Problem ::
Skipping any pictures, repeat exactly and only the lines from the one that holds "VeeBoost Cup Portable" to the last line of the material, both included.

Provided material ::
::::::::
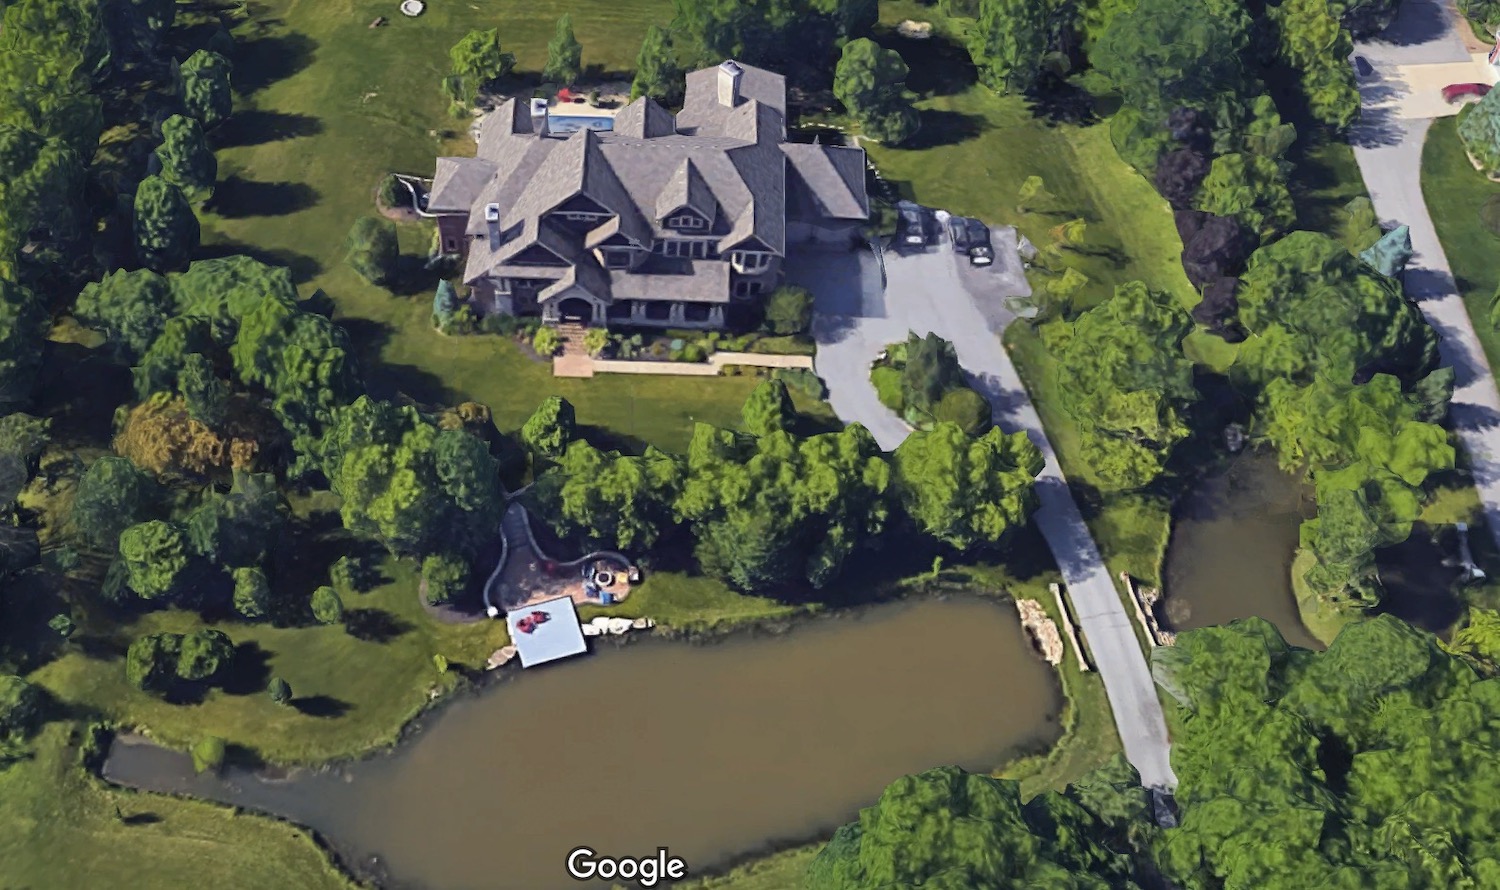 Mike Pence's new house as rendered by Google Maps' 3D imaging.
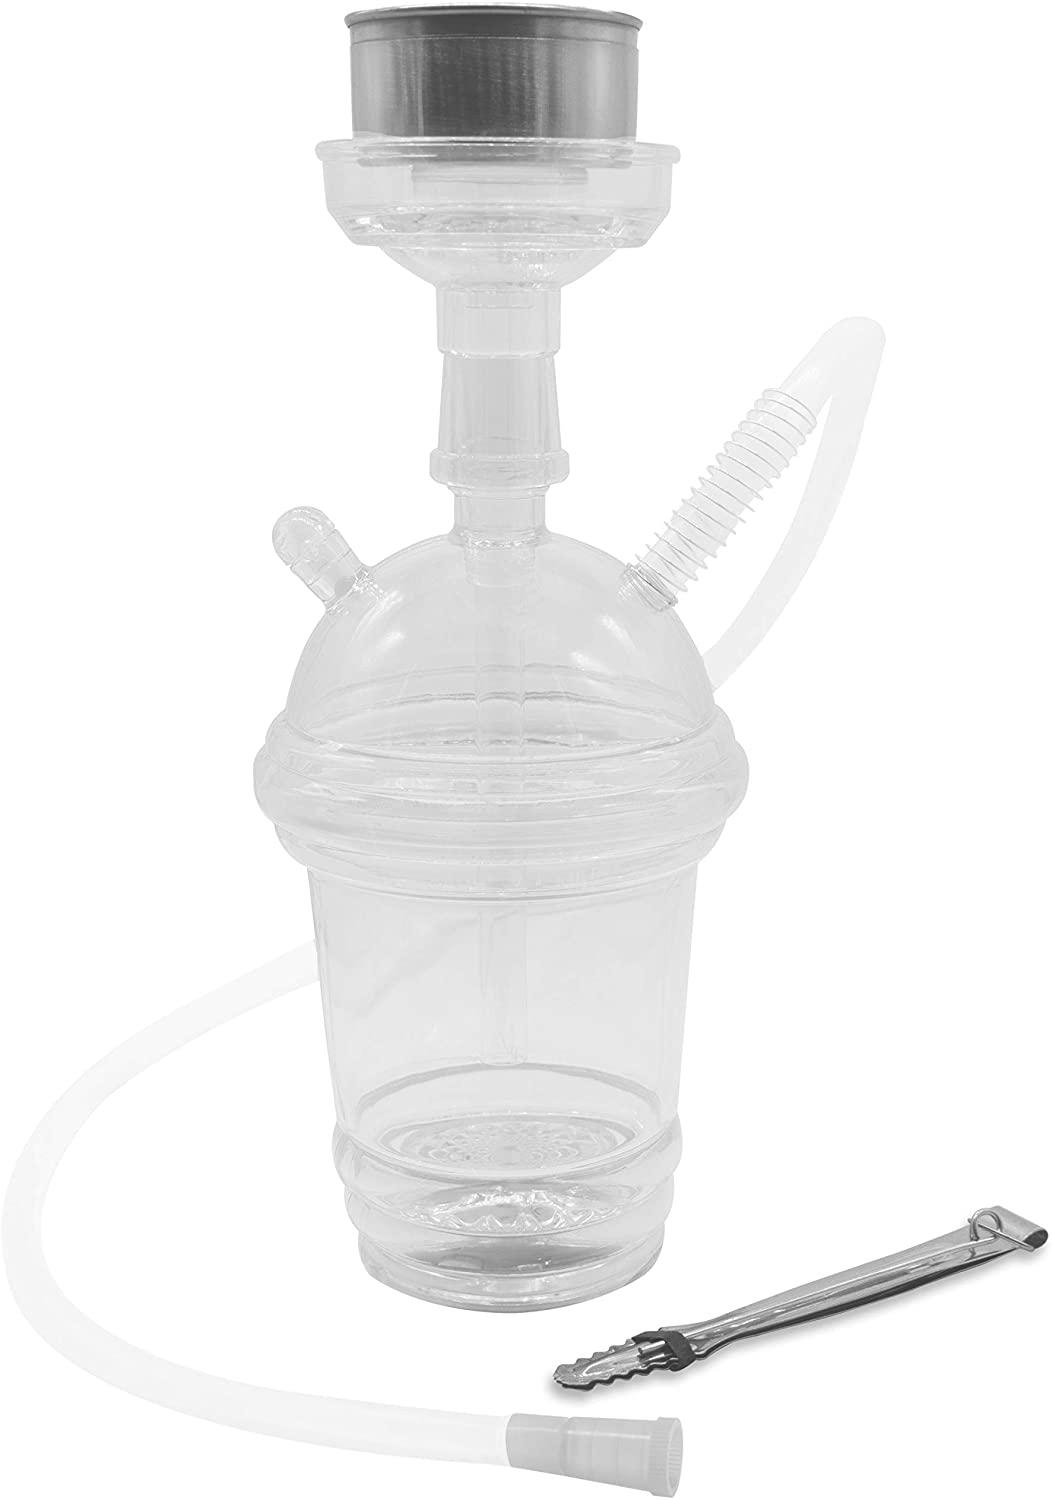 VeeBoost Cup Portable Hookah Set with Shisha Accessories, LED
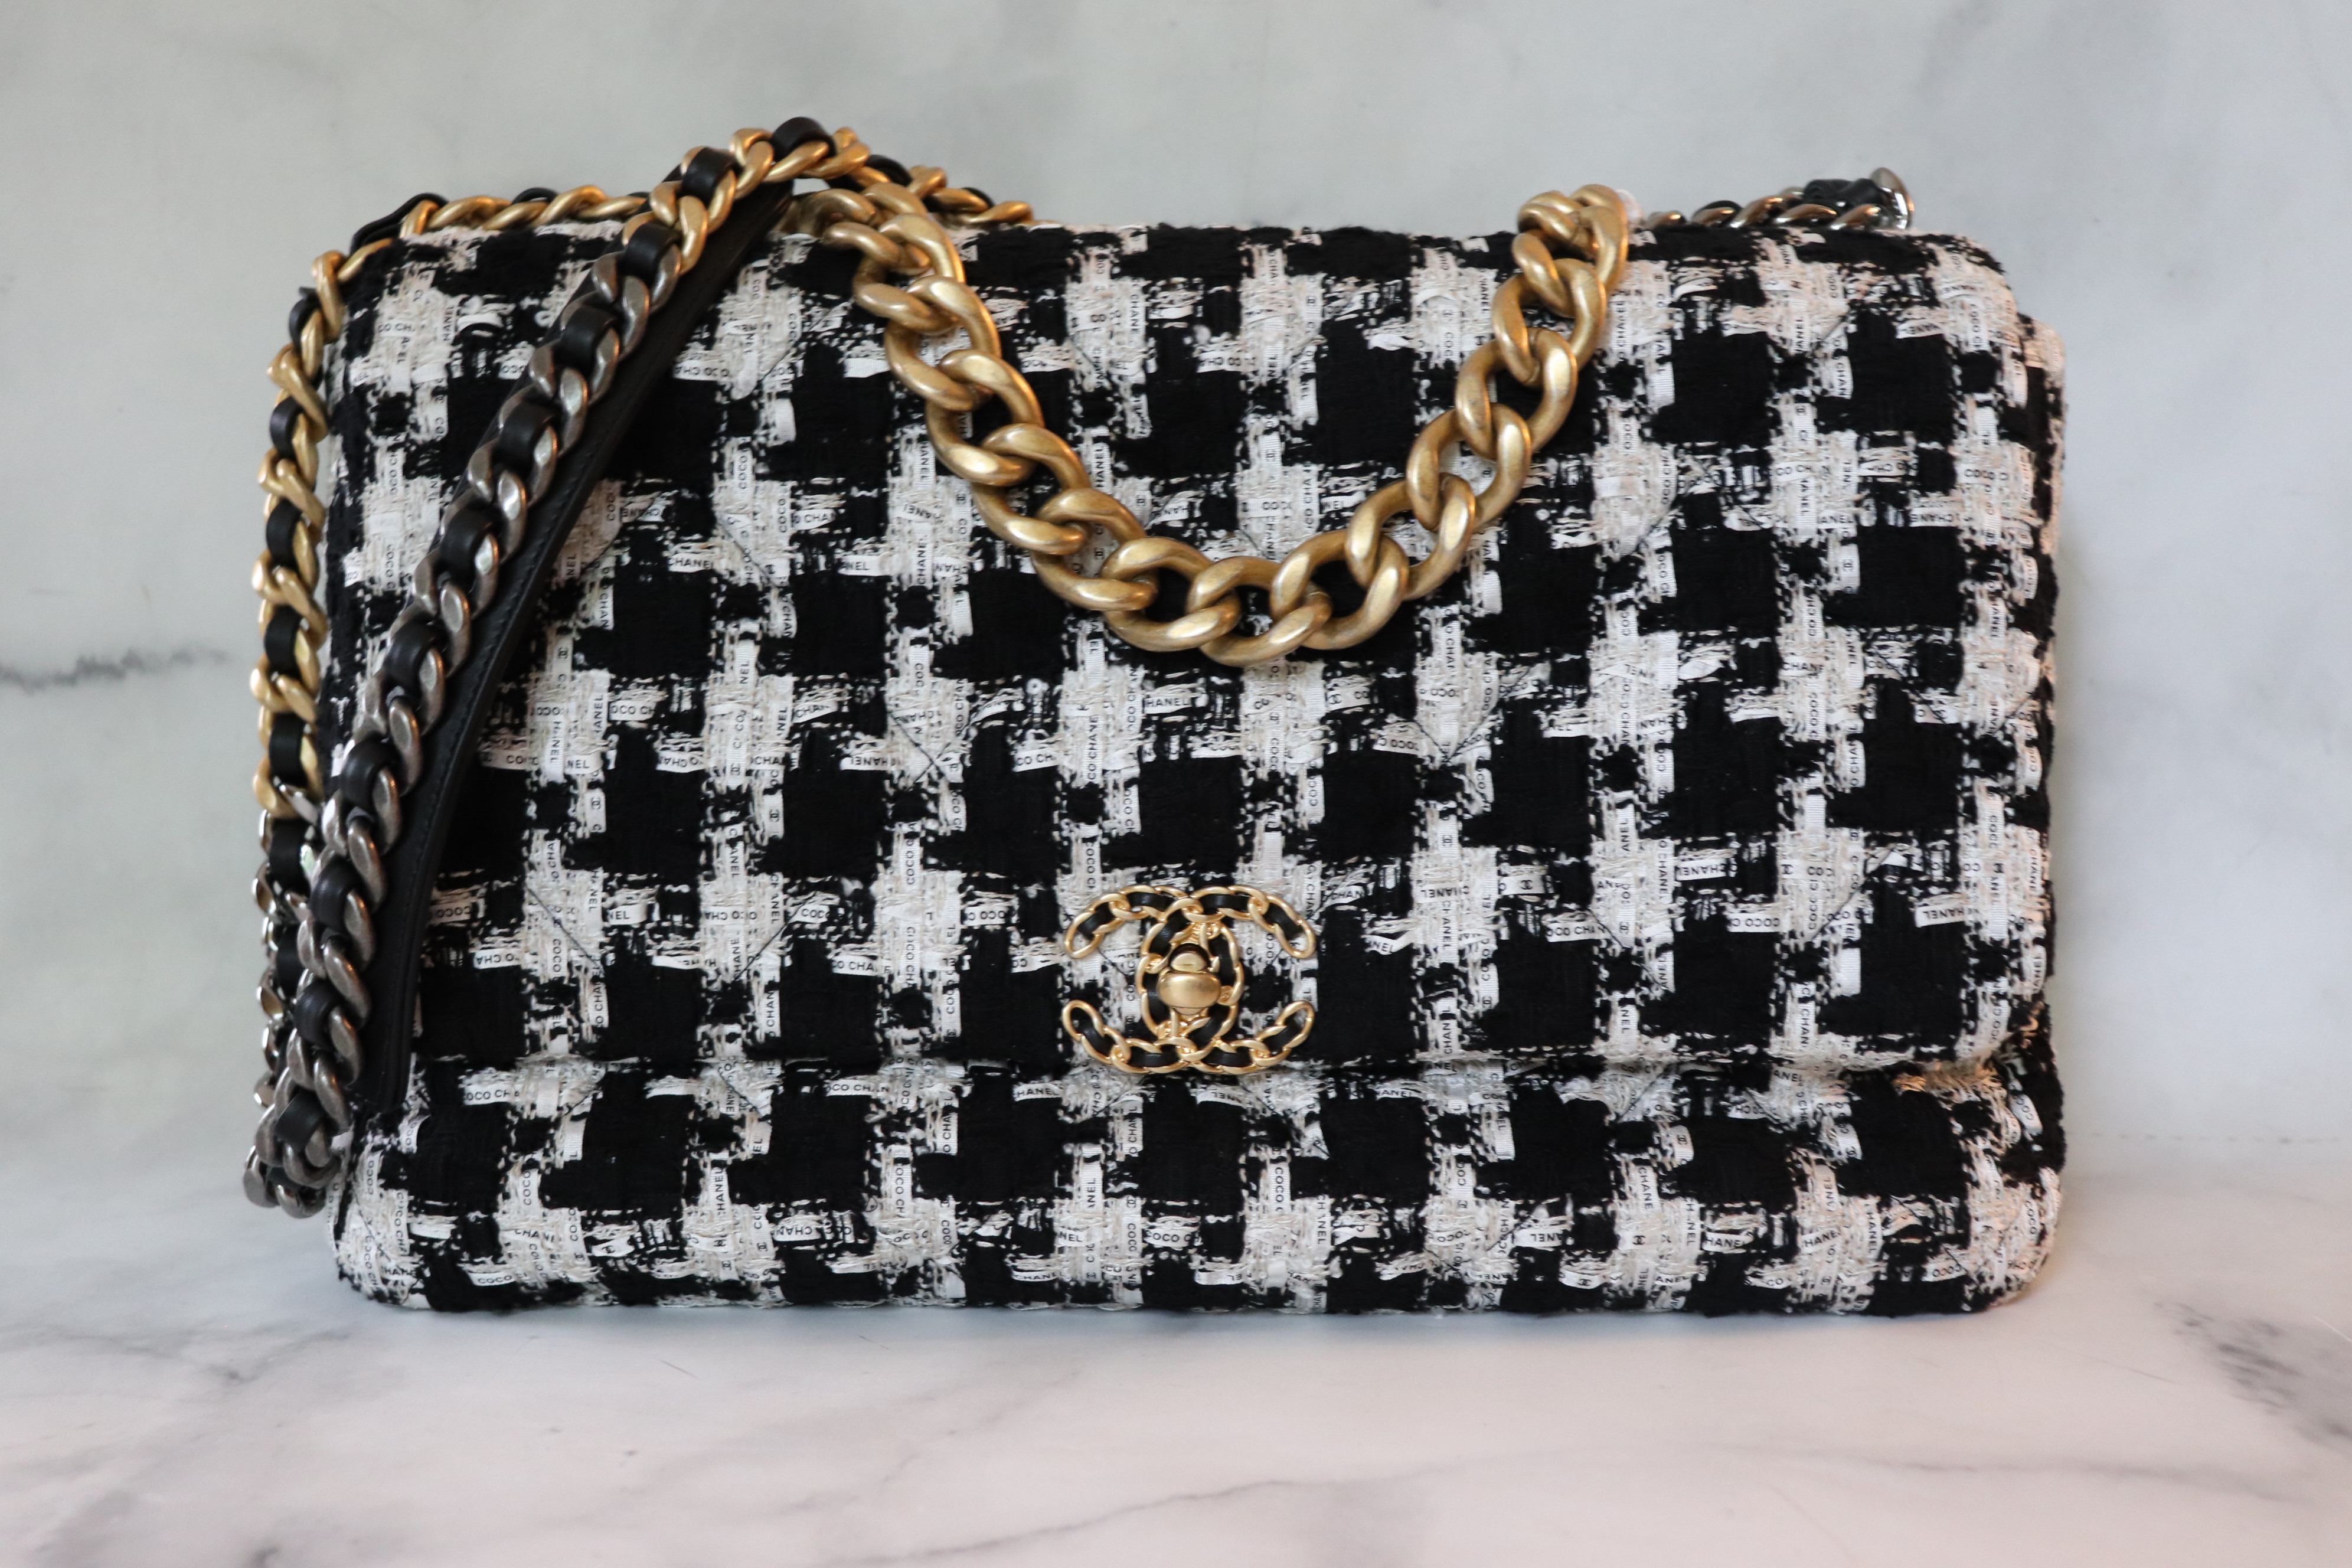 Chanel 19 Houndstooth Navy White Large Flap bag - AWC1406 – LuxuryPromise
::::::::
Answer to this exercise ::
 VeeBoost Cup Portable Hookah Set with Shisha Accessories, LED
 Chanel 19 Houndstooth Navy White Large Flap bag - AWC1406 – LuxuryPromise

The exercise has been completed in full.